Y la joven cayó de rodillas, anegada en llanto, a los pies de su amante. Ángela amaba con todo su corazón. Sentía en su alma esa pasión que parece como el amanecer de la vida. Cuando amamos y volvemos los ojos al tiempo que fue, nos parece imposible que hayamos podido vivir sin amar. Padecemos mucho en estas tormentosas pasiones, y preferimos el padecimiento al hielo de la indiferencia. Así, el amor llena, como la atmósfera, el espíritu, y sonríe como el sol en la inteligencia. Al través de sus rayos, el alma ve el mundo y adivina el cielo. Es el amor puro origen de grandes virtudes. La vida corre como una fuente murmuradora, límpida, que hace brotar flores y retrata en sus cristales el azul del cielo. ¿Cómo es posible enturbiar ni empañar el claro espejo donde se mira el ser que amamos? El alma enamorada se hermosea para recibir en su seno, como en un templo, el ser misterioso que ama, ese idolatrado ser en quien ponemos todas las perfecciones.

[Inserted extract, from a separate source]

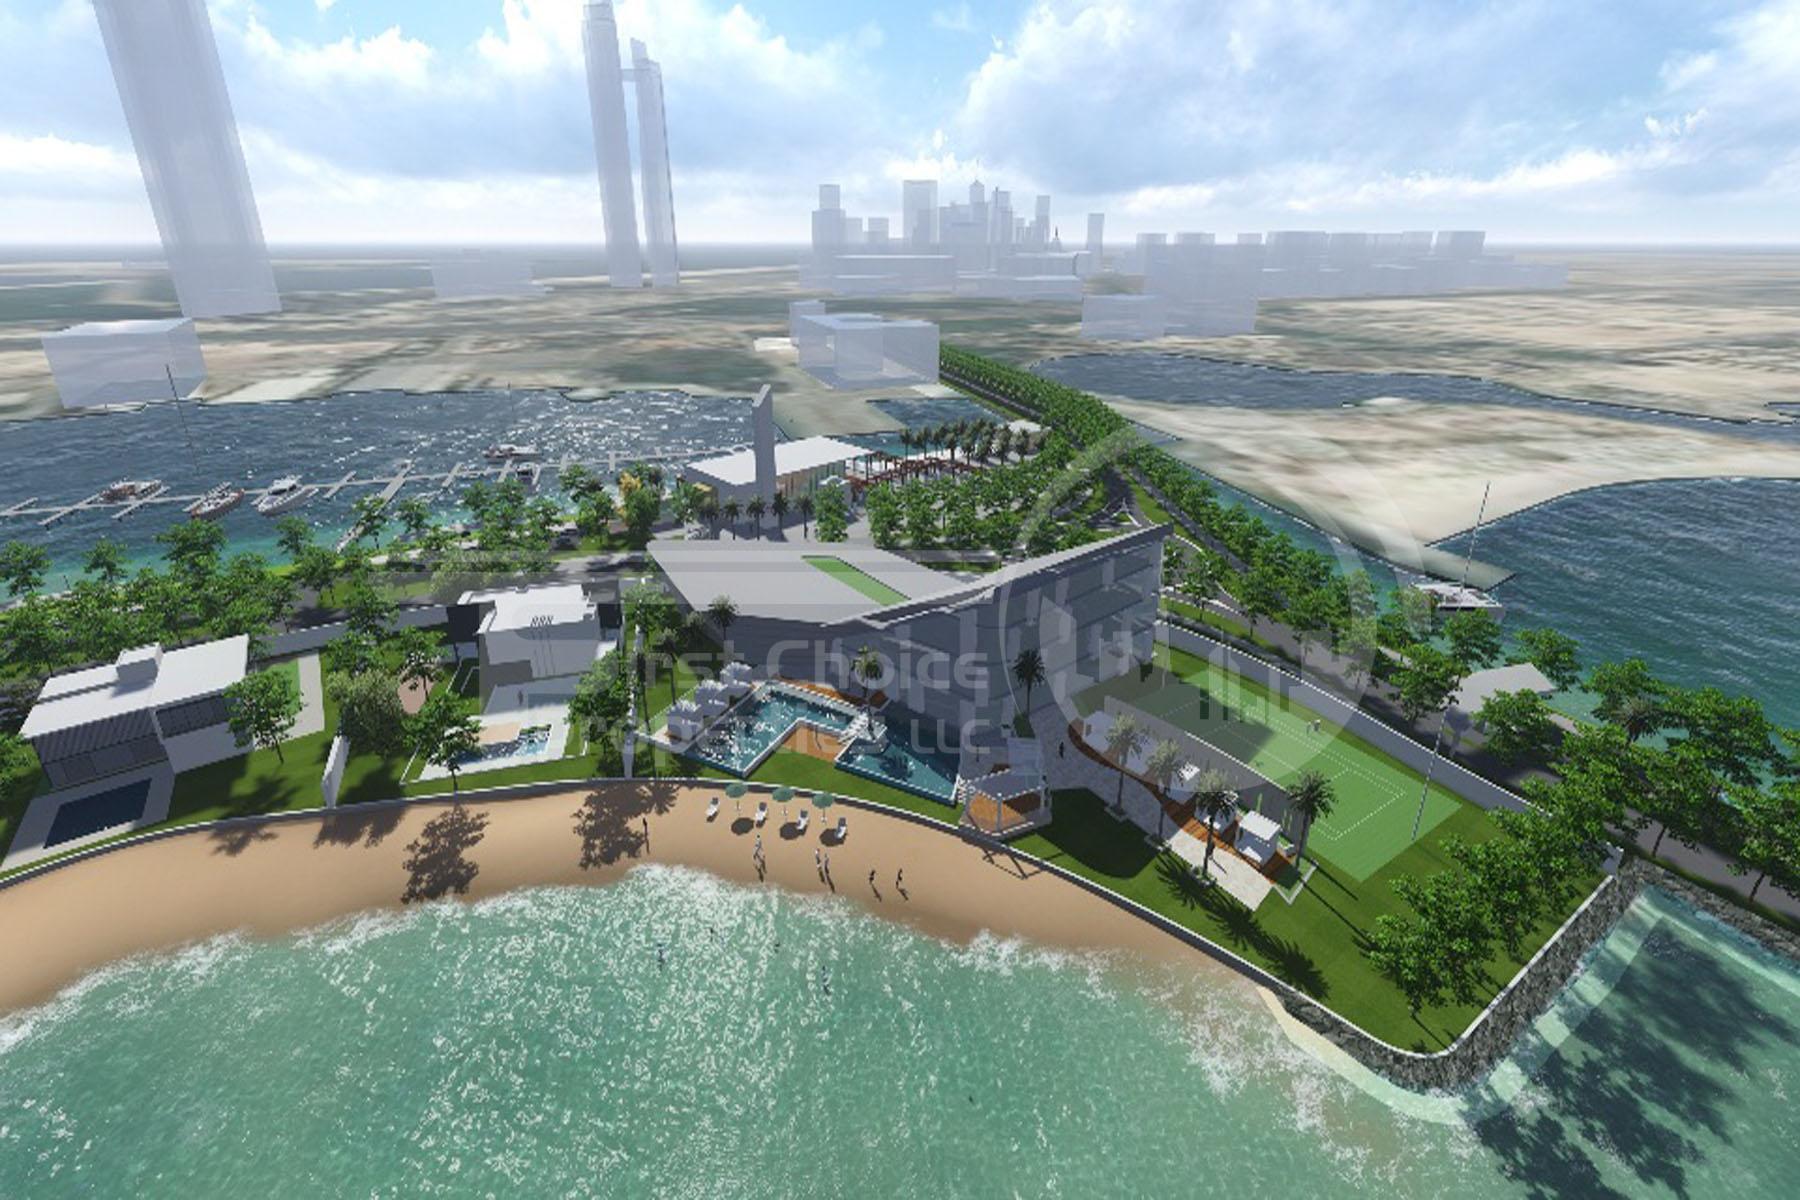 Residential Island - Nareel Island - Al Bateen - Abu Dhabi - UAE (5).jpg

Hasta por egoísmo, el alma enamorada ama la virtud; tiene en sí la virtud fuerza santificante. No sólo hermosea el espíritu, sino también se transparenta en el cuerpo. Es como una luz que anima los ojos, que tiñe de eterna serenidad la frente. Y el alma enamorada ama la virtud como la vida. Después, el amor infinito imprime una tristeza inmensa en el alma. Parece imposible que sea dado encerrar tanto amor en la tierra, y el espíritu abre sus alas y vuela, surcando los espacios infinitos, al cielo. Desgraciados son, en verdad, los que no han amado nunca. Ellos no pueden comprender ni sentir la dulce poesía del dolor. Ellos no han nacido para ser felices. Lágrimas ardientes, suspiros ahogados, horas de tristeza, infinitas dudas, temores, todo cuanto de triste y lastimoso da de sí el amor, todo es santo y todo es bueno; porque el sentimiento, como la idea, nos testifican que vivimos. ¿Puede haber nada más doloroso que vivir en la insensibilidad? ¡Oh! Es el más grande y más temible de todos los castigos.